━━━━━ Given information ━━━━━
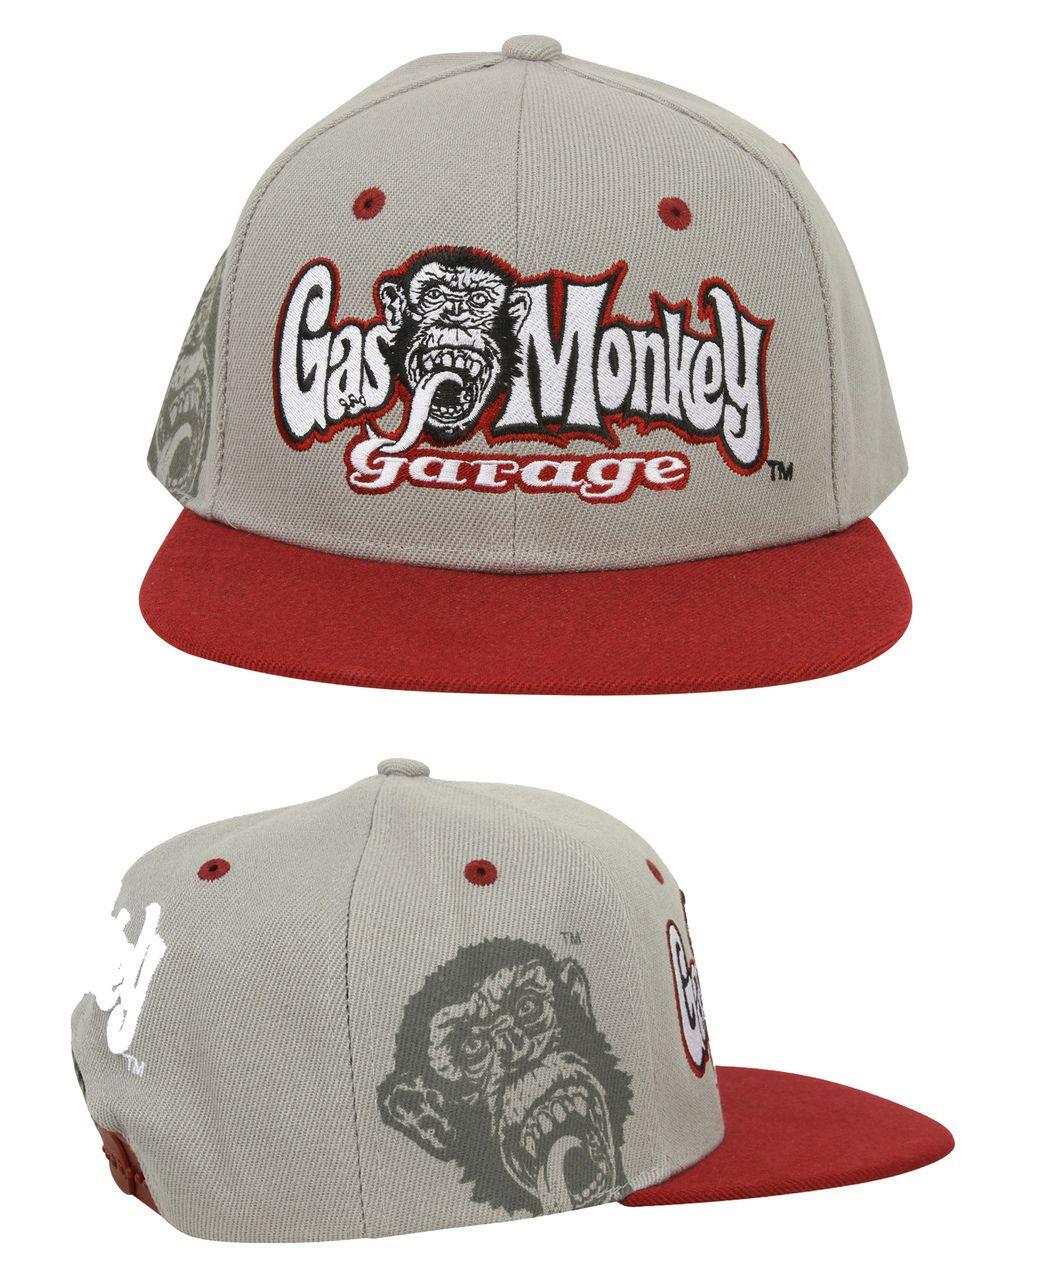 Rr Hands Gas Monkey Garage Snap Back Cap Grey Rr Hands Grey Snap Back Cap With Contrasting Burgundy Peak And Embroid Gas Monkey Snap Backs Gas Monkey Garage
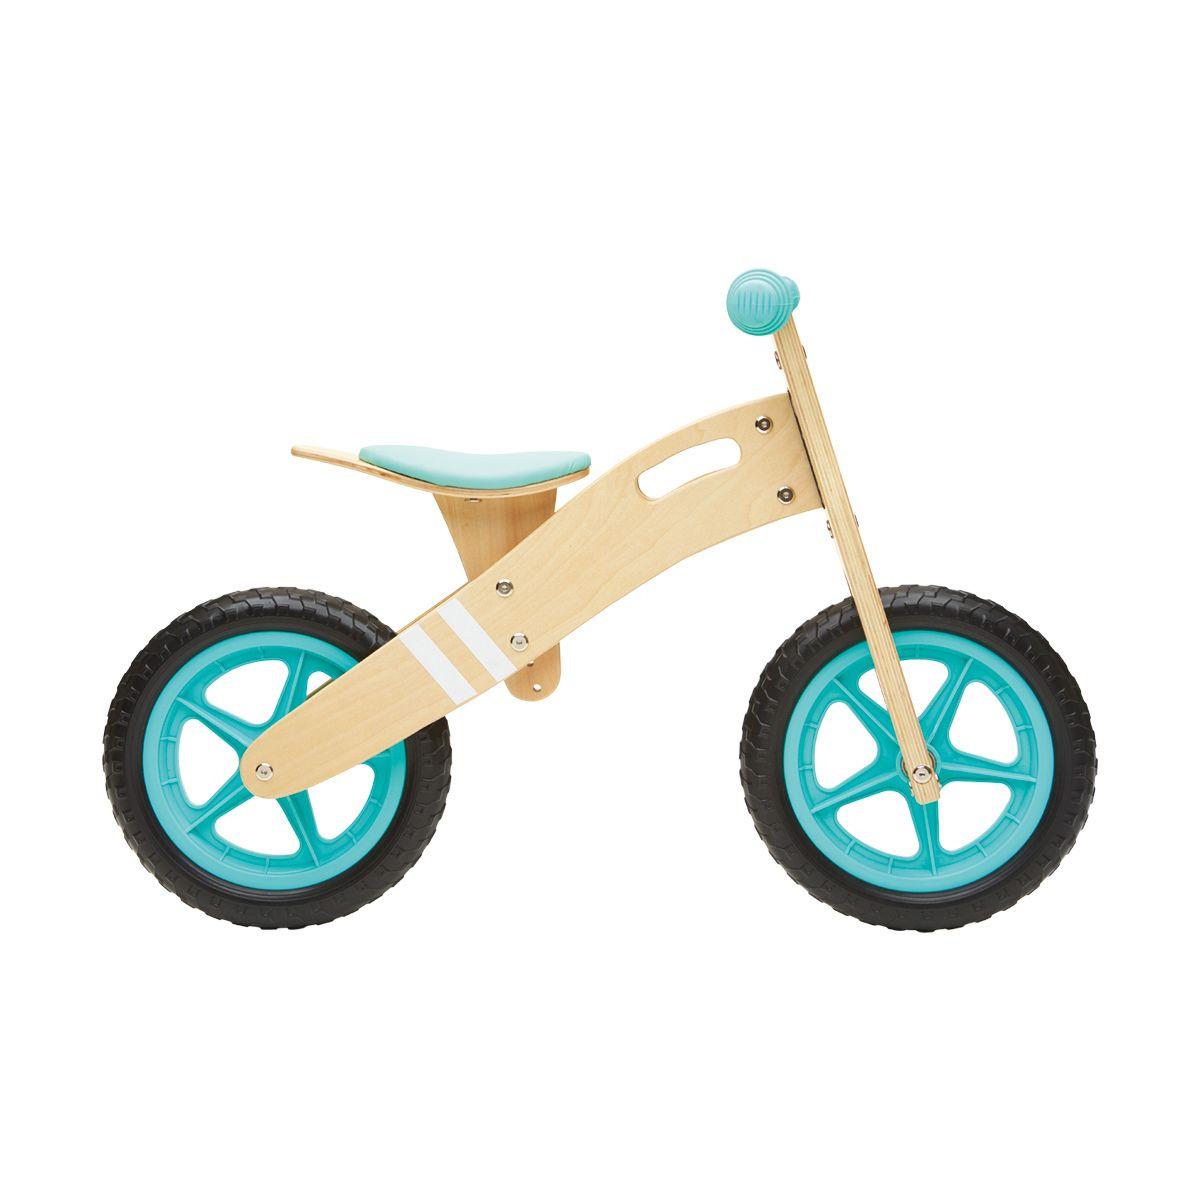 28cm Wooden Balance Bike Kmart Kids Mountain Bikes Outdoor
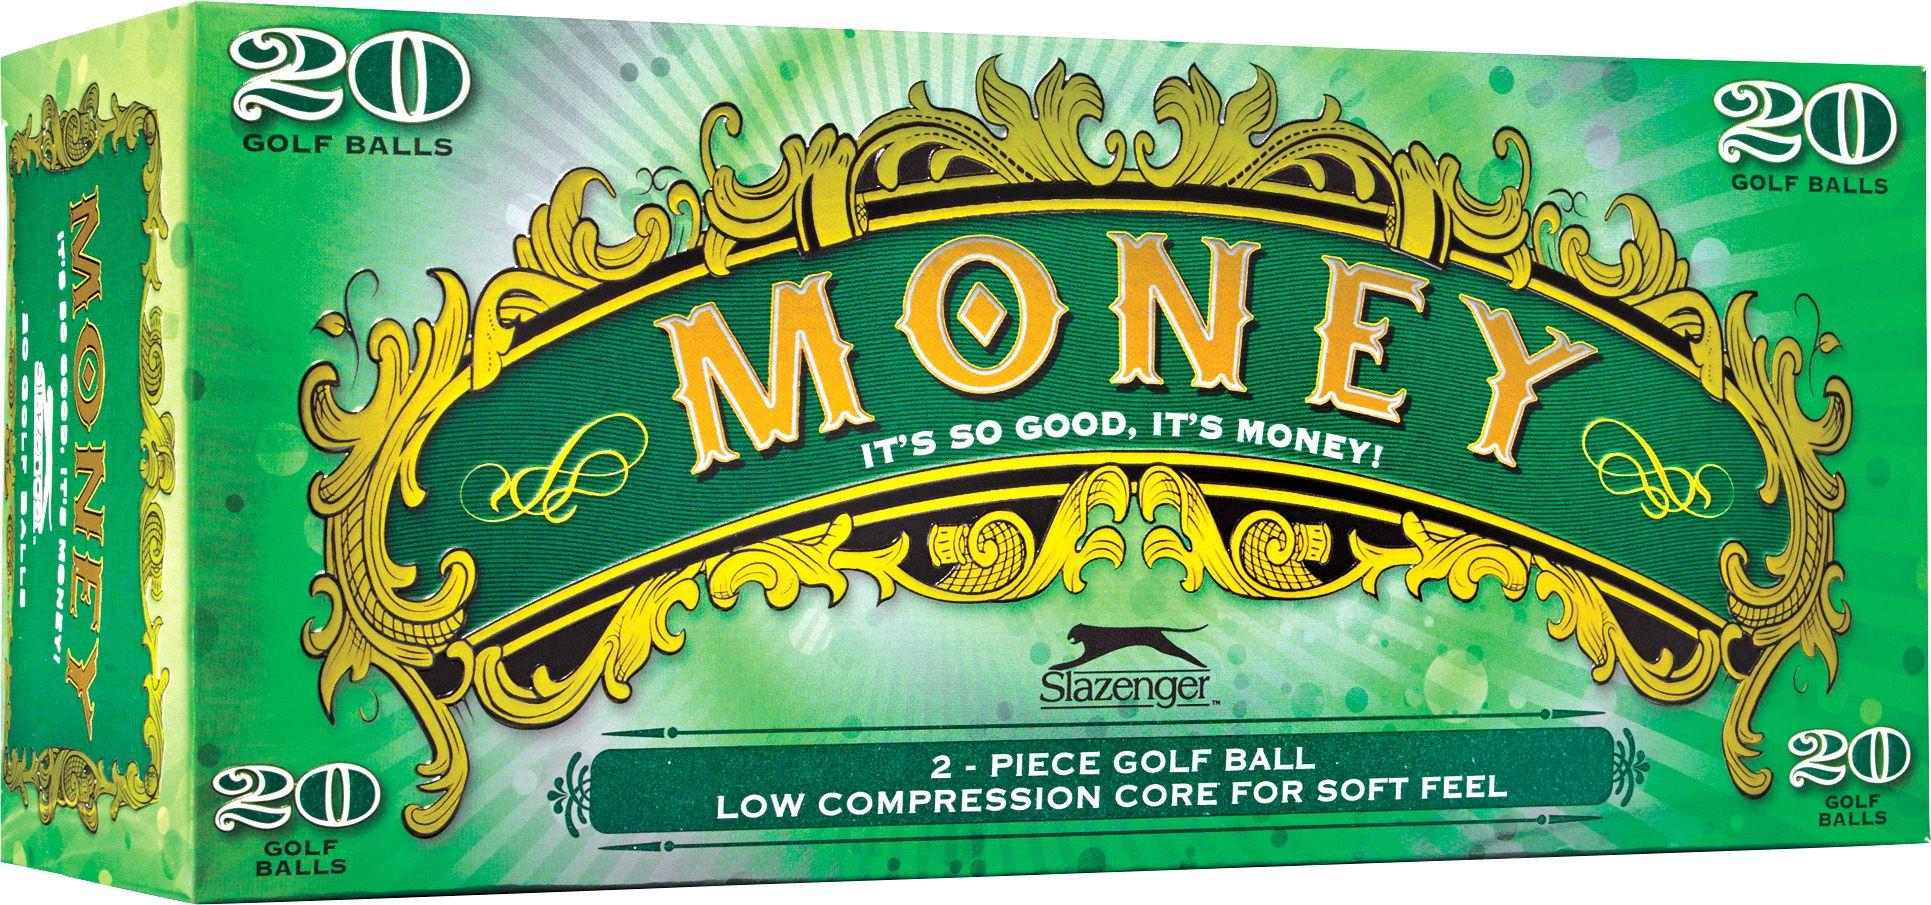 slazenger money golf balls u2013 20 pack u0027s sporting goods
━━━━━
◆ Task instructions ◆
Repeat the lines above exactly, and keep every picture out.

◆ Exercise solution ◆
 Rr Hands Gas Monkey Garage Snap Back Cap Grey Rr Hands Grey Snap Back Cap With Contrasting Burgundy Peak And Embroid Gas Monkey Snap Backs Gas Monkey Garage
 28cm Wooden Balance Bike Kmart Kids Mountain Bikes Outdoor
 slazenger money golf balls u2013 20 pack u0027s sporting goods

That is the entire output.